As revealed by the ceRNA network, LINC00680 could regulate PAK6 expression via sponging miR-423-5p (Fig. 3f). miR-423-5p was reported to be involved in many human cancers, and it was found to be downregulated in ESCC tissue samples (Additional file 1: Figure S4A) [56,57,58]. We first examined whether miR-423-5p can bind to LINC00680 and the 3’ UTR of PAK6. The starBase website was used to predict the potential miRNA binding sites. The consequential pairing of target regions of LINC00680 and the 3’ UTR of PAK6 with the highest targets score were shown (Fig. 6a, b).

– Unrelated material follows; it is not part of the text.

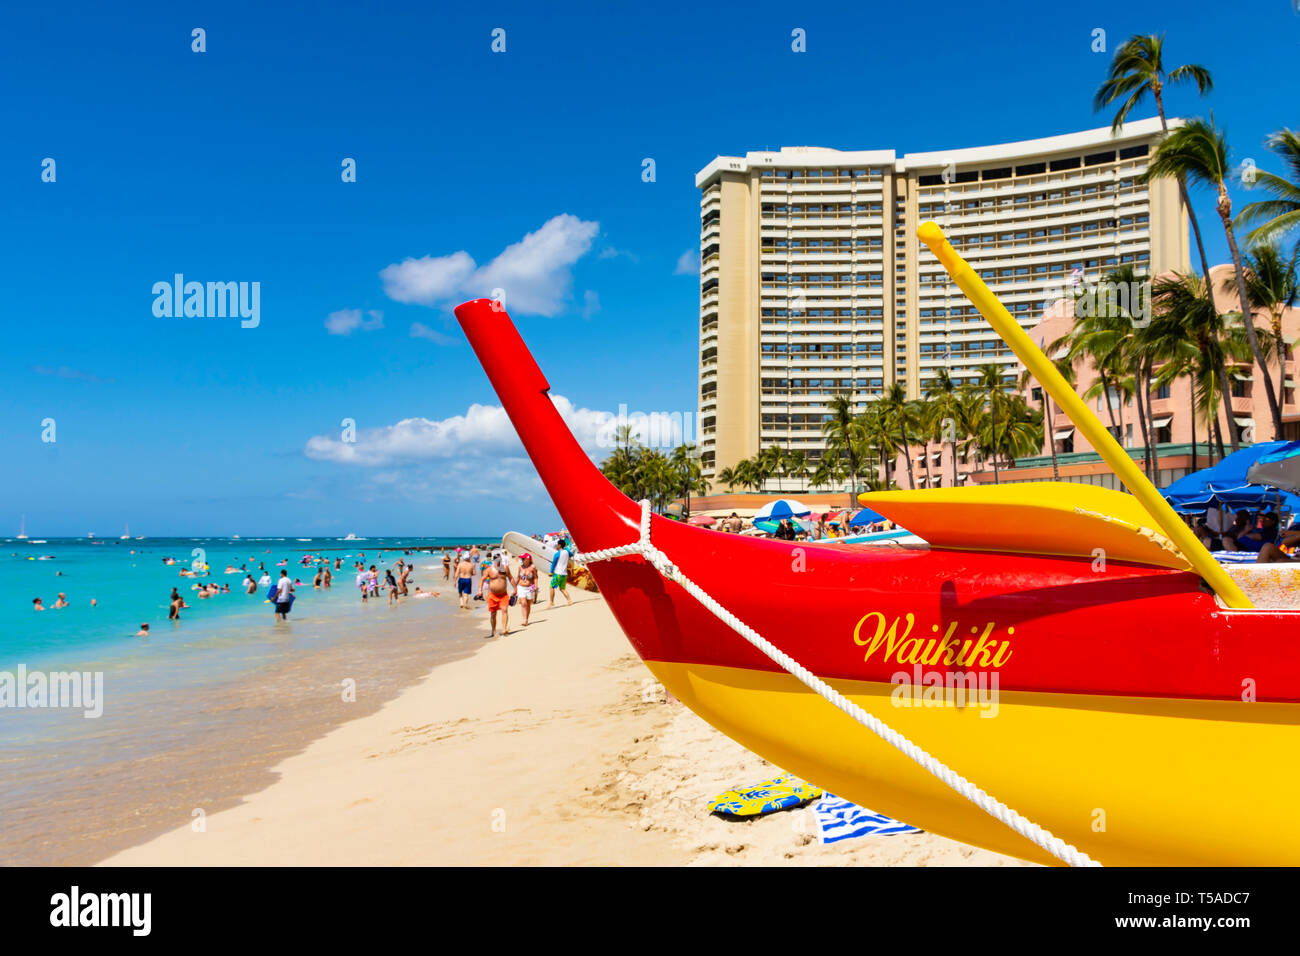 Outrigger Kanu am Strand von Waikiki Honolulu Hawaii USA an einem sonnigen Tag Stockfoto

Luciferase reporter vectors containing the binding regions for miR-423-5p, either wild-type (WT-luc) or mutated form (MT-luc), were constructed, which were transfected into KYSE510 and KYSE140 cells with control miRNA (miR-NC) or miR-423-5p mimic (miR-423-5p) followed by dual-luciferase assay. The results showed that co-transfection of miR-423-5p significantly reduced the luciferase activity of LINC00680 (WT)-luc and PAK6 (WT)-luc reporters compared with the miR-NC group, whereas there was no significant change for LINC00680 (MT)-luc or PAK6 (MT)-luc (Fig. 6c-f). To support that LINC00680 could serve as a sponge for miR-423-5p, the copy number of LINC00680 and miR-423-5p was approximately 241 and 136 copies per cell, respectively, in KYSE510 cells (Additional file 1: Figure S4B, S4C and S4D left panel). Similar results were obtained in KYSE140 cells, with that 210 and 178 copies were detected for LINC00680 and miR-423-5p, respectively (Additional file 1: Figure S4D right panel). Likewise, the copy number of LINC00680 was significantly higher than that of miR-423-5p in ESCC tissue samples (Additional file 1: Figure S4E).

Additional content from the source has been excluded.